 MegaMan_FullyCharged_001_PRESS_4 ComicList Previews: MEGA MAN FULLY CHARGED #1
+ + + + + + +
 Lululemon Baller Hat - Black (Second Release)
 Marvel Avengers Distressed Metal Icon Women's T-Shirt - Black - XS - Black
+ + + + + + +
◆ Task requirements ◆
Every line above from the line with "Lululemon Baller Hat" to the line with "Marvel Avengers Distressed" is wanted, ends included; write them out exactly and add no other line.

◆ Task response ◆
 Lululemon Baller Hat - Black (Second Release)
 Marvel Avengers Distressed Metal Icon Women's T-Shirt - Black - XS - Black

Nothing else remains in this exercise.